Однако своенравен. Велено отправляться в подвал, а он стучит и стучит молотком. Поглядеть бы, чем занимается, да спаленка с другой стороны дома.
Зато единственное окошко все равно, что рамка, в которую вставлена весенняя акварель. В верхней ее половине небо цвета проклюнувшихся сквозь снежную скорлупу пролесок. Где-то там, в подсвеченной истлевающими сугробами синеве, должны раскачиваться крылатые колокольчики.
Чуть ниже, посреди акварели, зыбится пологий холм. На нем смурноликие сорняки стерегут поверженные колосья все той же ржи-самосейки. Поэтому холм одного колеру с грязной холстиной, поверх которой запеклась сукровица. Так же ревностно сорняки стерегут подорвавшийся на мине комбайн. Правда, сейчас он ничем не напоминает бабке Серафиме зеленую игрушку. Огонь и туманы нарядили его в ржавые одежды.
Часть акварели, а именно то место, где холм скатывается к пересыхающему летом и сейчас, наверное, взбунтовавшемуся ручью застят ивы, в прическах которых пробиваются предвестники тепла — желтые пряди.
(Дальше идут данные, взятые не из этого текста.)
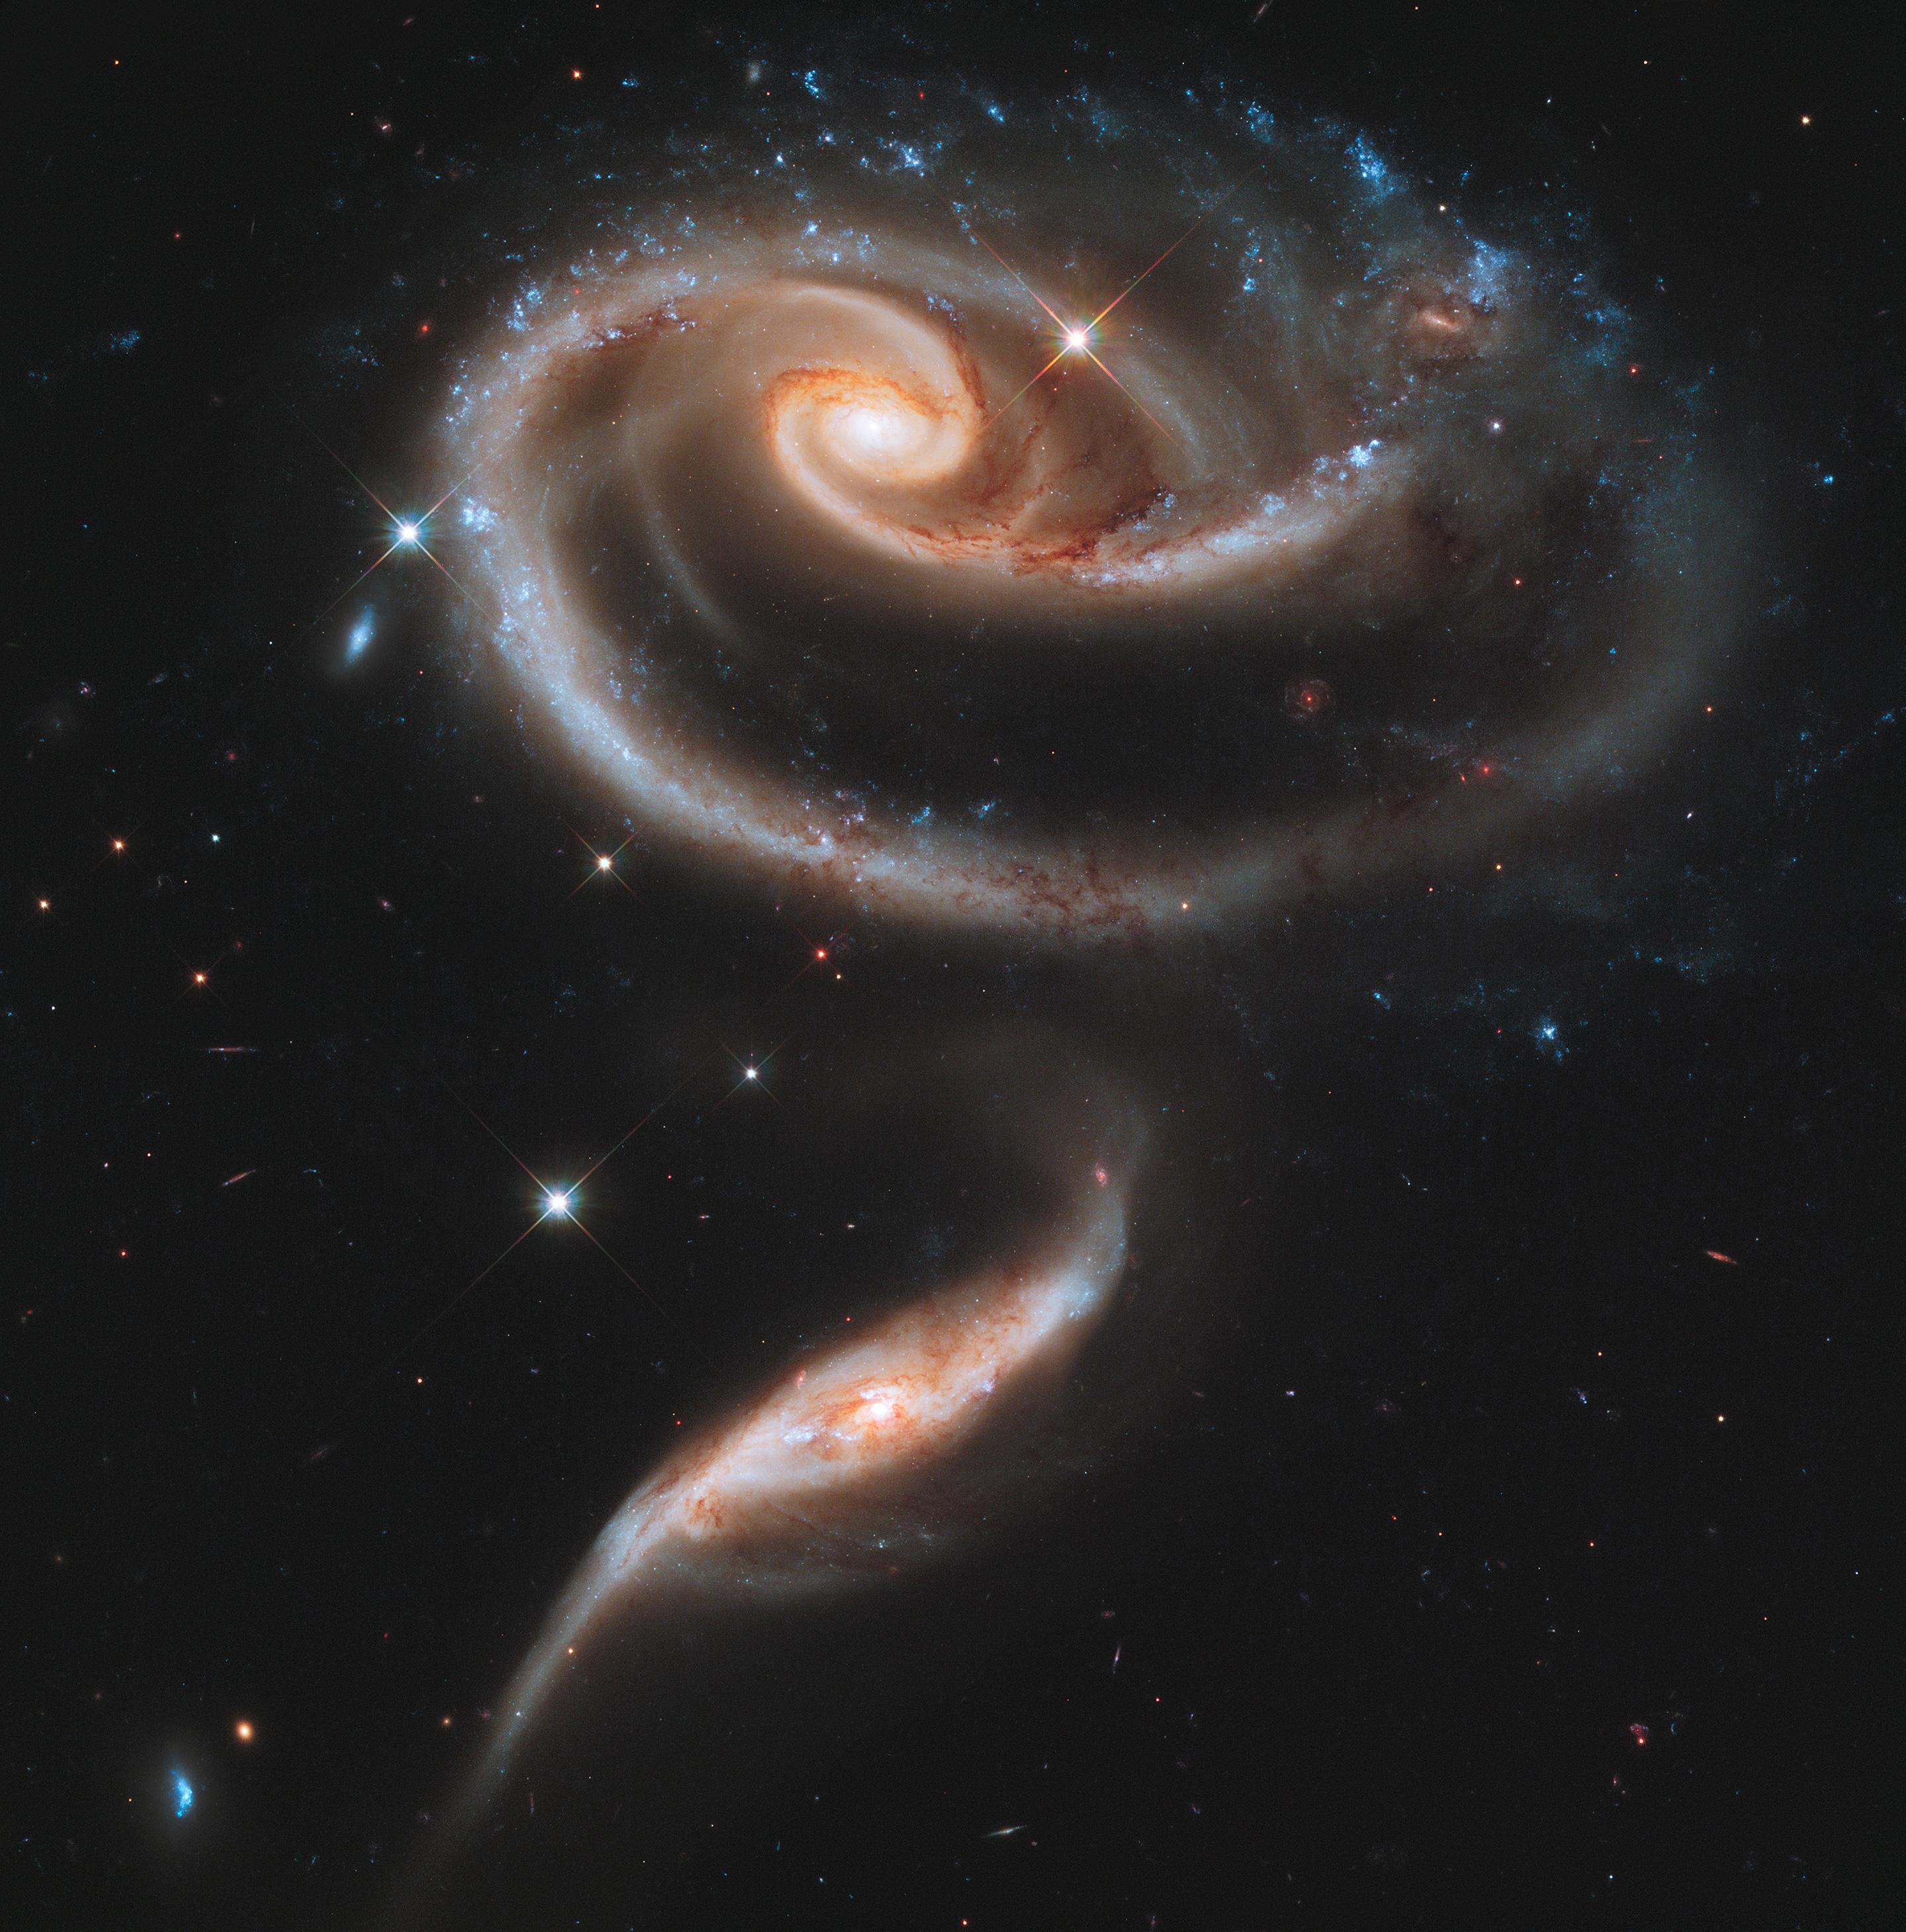 Hubble-hs-2011-11-a-full

А еще бабке Серафиме хорошо видна пытающаяся заглянуть в окошко яблонька с забинтованным мешковиной стволом. Упавшая посреди огорода мина нанесла деревцу еще несколько увечий. Однако менее существенных. Поэтому дед Михей ограничился тем, что повыдергивал застрявшие осколки плоскогубцами, а раны залепил садовым варом.
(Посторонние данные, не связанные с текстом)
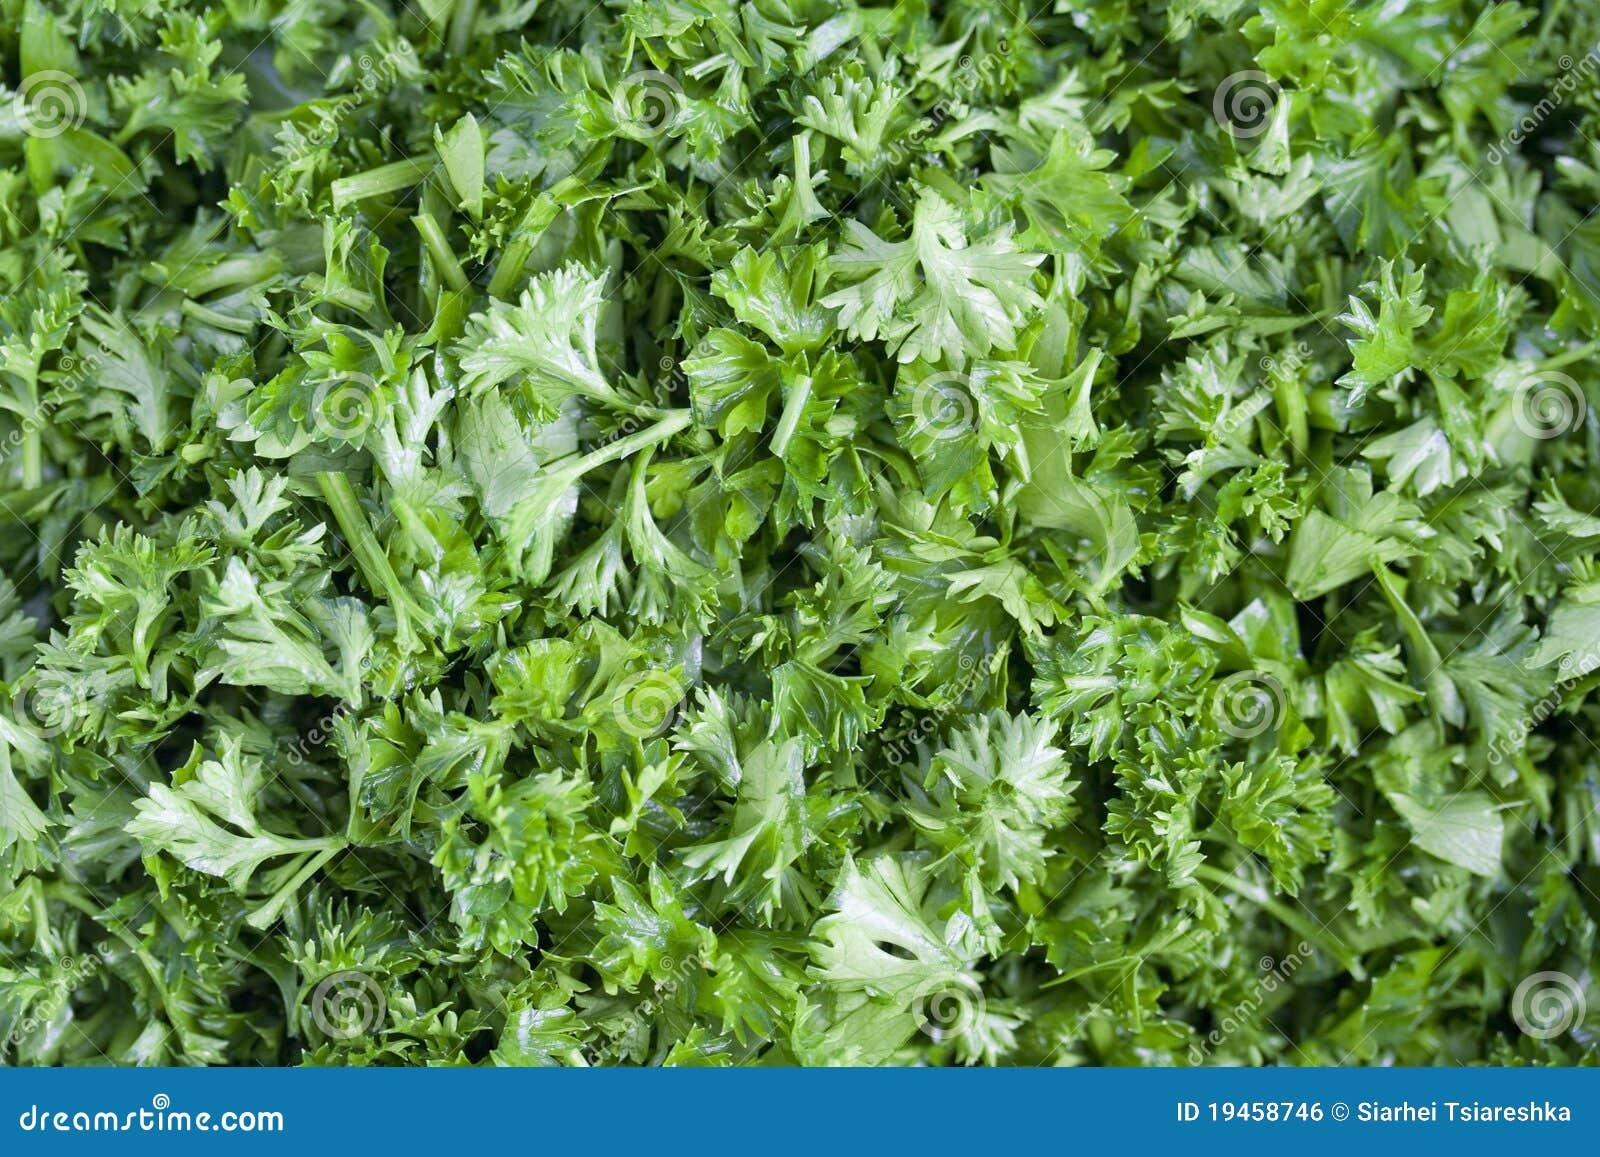 how to keep cut parsley fresh

Только бабка Серафима все равно печалится за судьбу деревца, чьи плоды к исходу лета наливаются таким солнечным жаром, что о них можно ожечь ладони. А больше всего яблонька радует весной, когда заливает спаленку розовым сиянием.
— Выживет ли после такого? — однажды засомневалась бабка Серафима.
— Обязательно, — заверил дед Михей. — Не имеет права прежде срока погибнуть, тюрики-макарики, то, что делает землю похожим на рай.
— А когда он, этот срок, наступает?
— Ты о том Господа поспрашивай. Не меня. Мое дело — в навозе копаться, да молотком стучать.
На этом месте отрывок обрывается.